QDVO thesis for this covered call
The market-implied 1-standard-deviation range for QDVO extends from approximately $27.57 on the downside to $33.77 on the upside. A QDVO covered call collects premium on an existing long QDVO position, trading off upside above the short call strike for immediate income; the short strike selection should reflect the trader's view on whether QDVO will breach that level within the expiration window. Current QDVO IV rank near 6.39% sits in the lower third of its 1-year distribution, where IV often re-expands toward the mean; this favors premium-buying structures and disadvantages premium-selling structures on QDVO at 35.30%. As a Financial Services name, QDVO options can move on sector-level news flow (peer earnings, regulatory updates, industry-specific macro data) in addition to QDVO-specific events.
QDVO covered call positions are structurally neutral to slightly bullish; the modeled P&L assumes European-style exercise at expiration and ignores early assignment, transaction costs, dividends paid before expiry on the stock leg (when present), and the bid-ask spread on the listed chain.

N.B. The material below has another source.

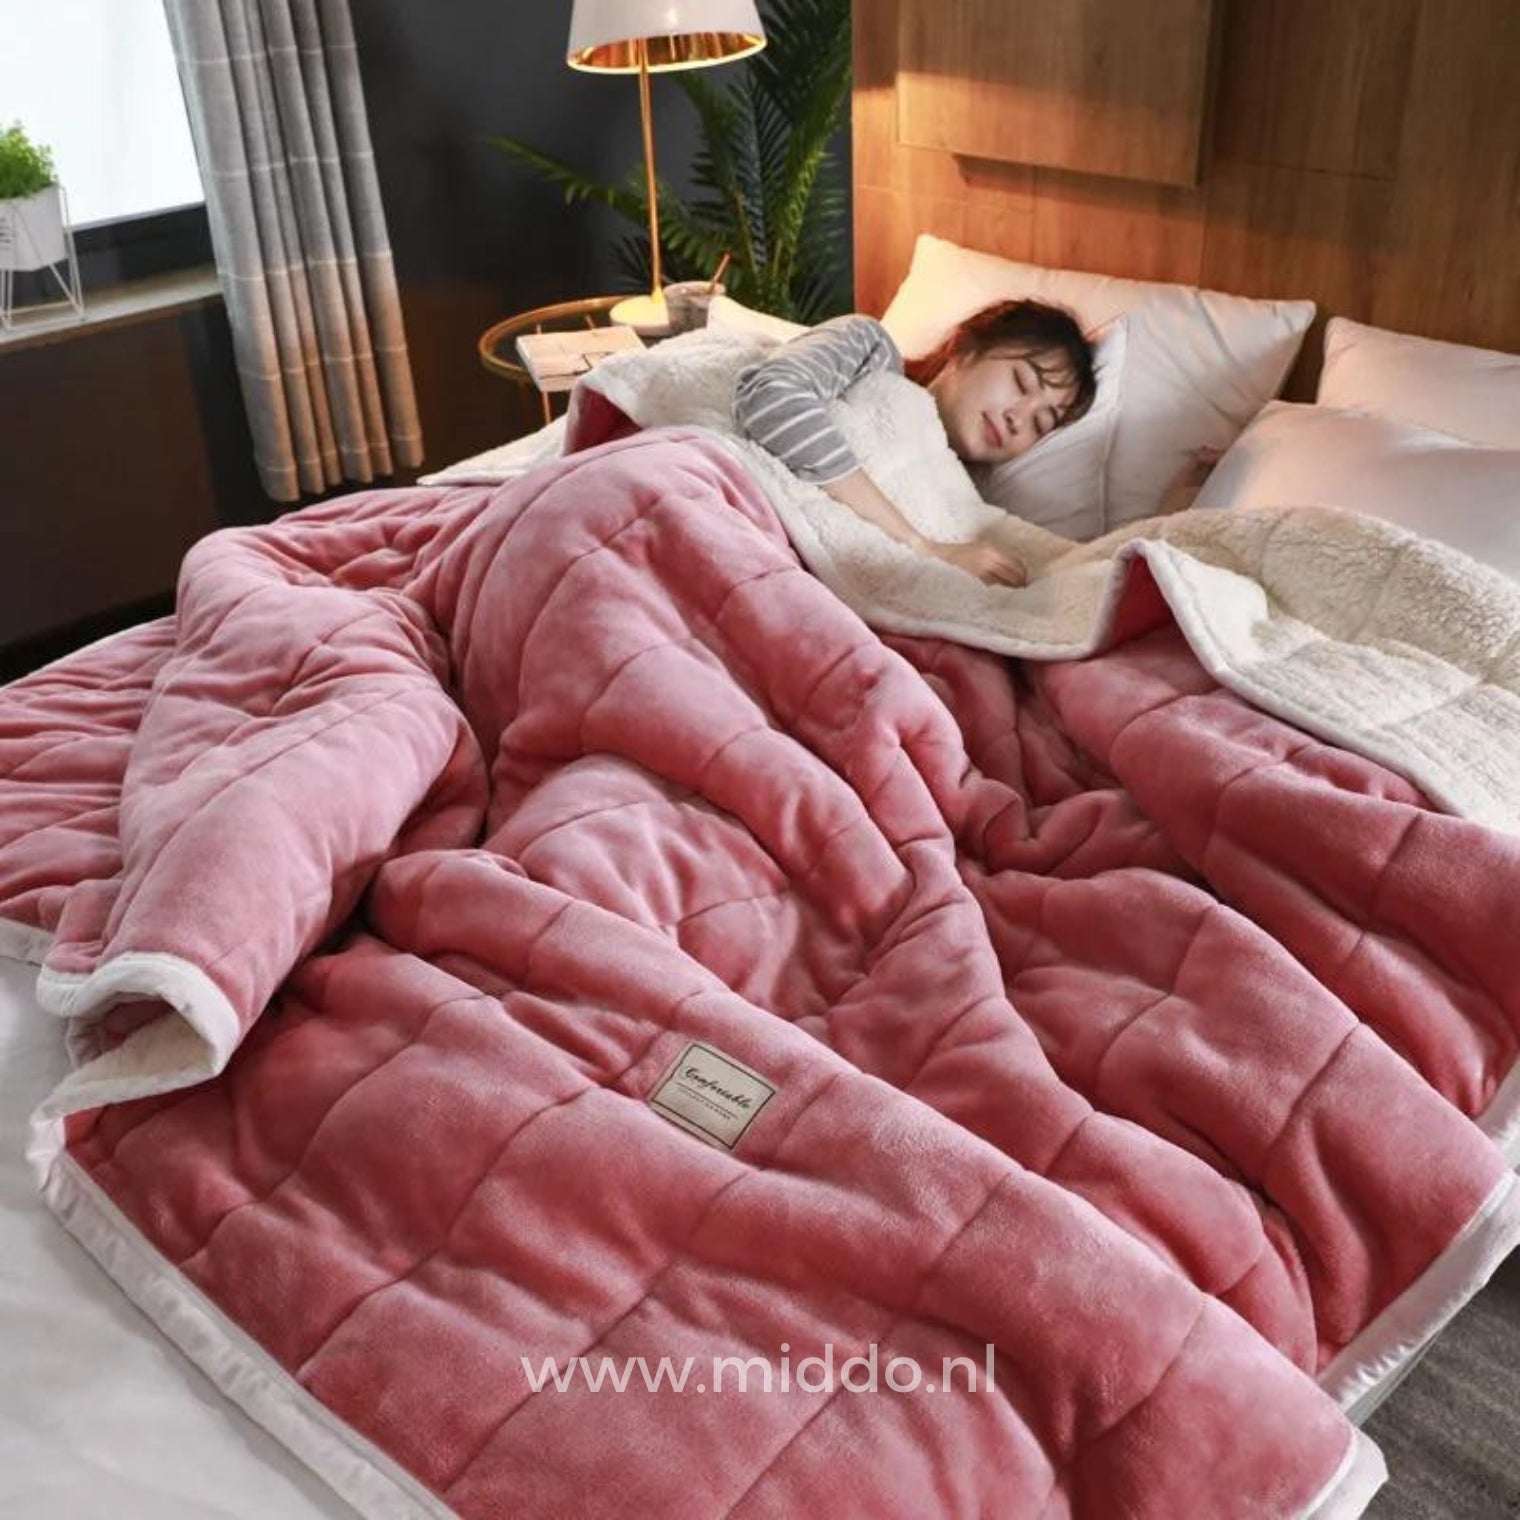 CozyFleece roze pluche woldeken op bed met slapende persoon

QDVO positions also carry Financial Services sector concentration risk; news flow inside the sector (peer earnings, regulatory shifts, supply-chain headlines) can move QDVO alongside the broader basket even when QDVO-specific fundamentals are unchanged. Short-premium structures like a covered call on QDVO carry tail risk when realized volatility exceeds the implied move; review historical QDVO earnings reactions and macro stress periods before sizing. Always rebuild the position from current QDVO chain quotes before placing a trade.

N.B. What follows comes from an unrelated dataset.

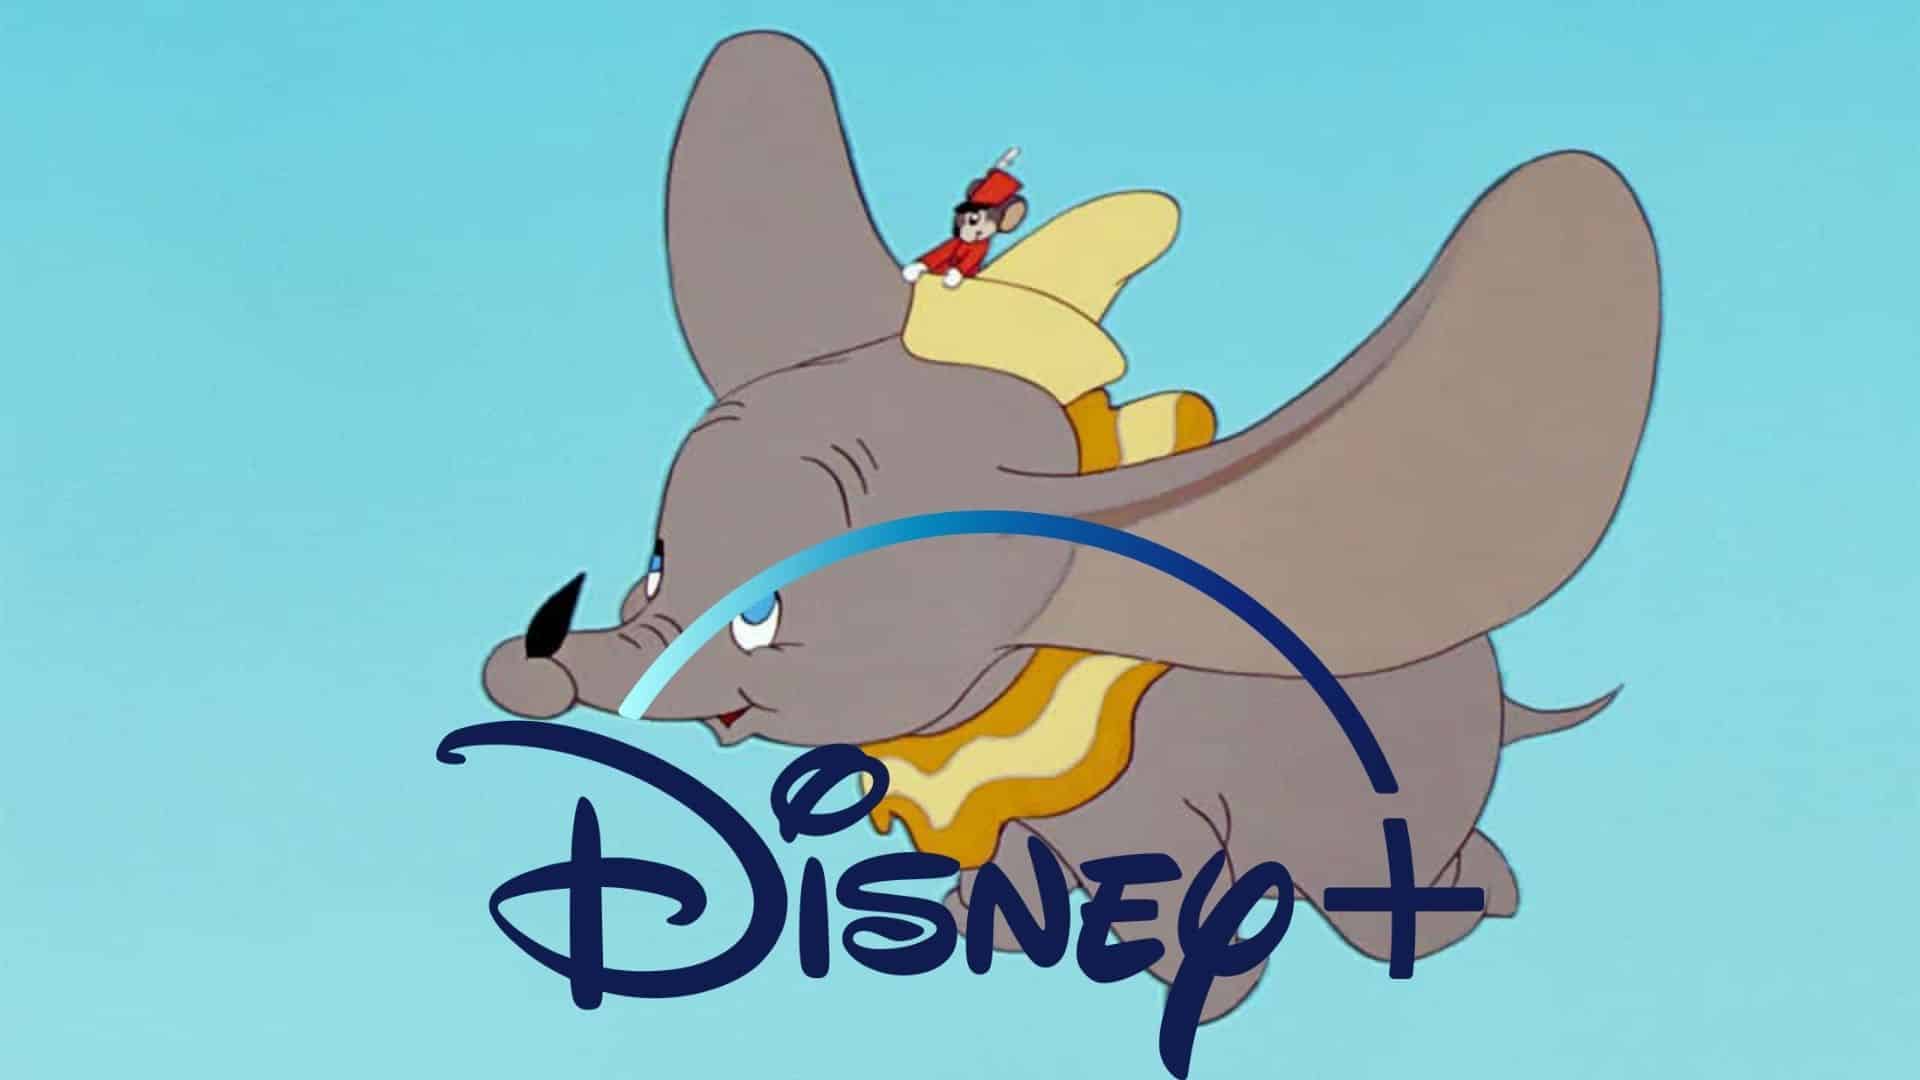 Disney+: al bando Dumbo, Peter Pan e altri classici per contenuti razzisti

Frequently asked questions
- What is a covered call on QDVO?
- A covered call on QDVO is the covered call strategy applied to QDVO (etf). The strategy is structurally neutral to slightly bullish: A covered call pairs long stock with a short out-of-the-money call, collecting premium and capping upside above the short strike in exchange for income. With QDVO etf trading near $30.67, the strikes shown on this page are snapped to the nearest listed QDVO chain strike and the premiums come straight from the end-of-day bid/ask midpoint.
- How are QDVO covered call max profit and max loss calculated?
- Max profit equals short-strike minus cost basis plus premium times 100; max loss is cost basis minus premium (at zero). Breakeven is cost basis minus premium. For the QDVO covered call priced from the end-of-day chain at a 30-day expiry (ATM IV 35.30%), the computed maximum profit is $260.00 per contract and the computed maximum loss is -$2,939.00 per contract. Live intraday quotes will differ as the chain moves through the trading session.
- What is the breakeven for a QDVO covered call?
- The breakeven for the QDVO covered call priced on this page is roughly $29.40 at expiration, derived from end-of-day chain premiums. Breakeven is the underlying price at which the strategy's P&L crosses zero ignoring transaction costs and assignment risk. The current QDVO market-implied 1-standard-deviation expected move is approximately 10.12%; if the move sits well outside the breakeven distance, the structure's risk-reward becomes correspondingly tighter.
- When should you consider a covered call on QDVO?
- Covered calls on QDVO are an income strategy run on existing QDVO etf positions; traders typically sell calls at 25-35 delta with 30-45 days to expiration to balance premium against upside cap.
- How does current QDVO implied volatility affect this covered call?
- QDVO ATM IV is at 35.30% with IV rank near 6.39%, which is on the low end of its 1-year range. Premium-buying structures (long call, long put, debit spreads) are relatively cheap in this regime; premium-selling structures collect less credit per unit risk.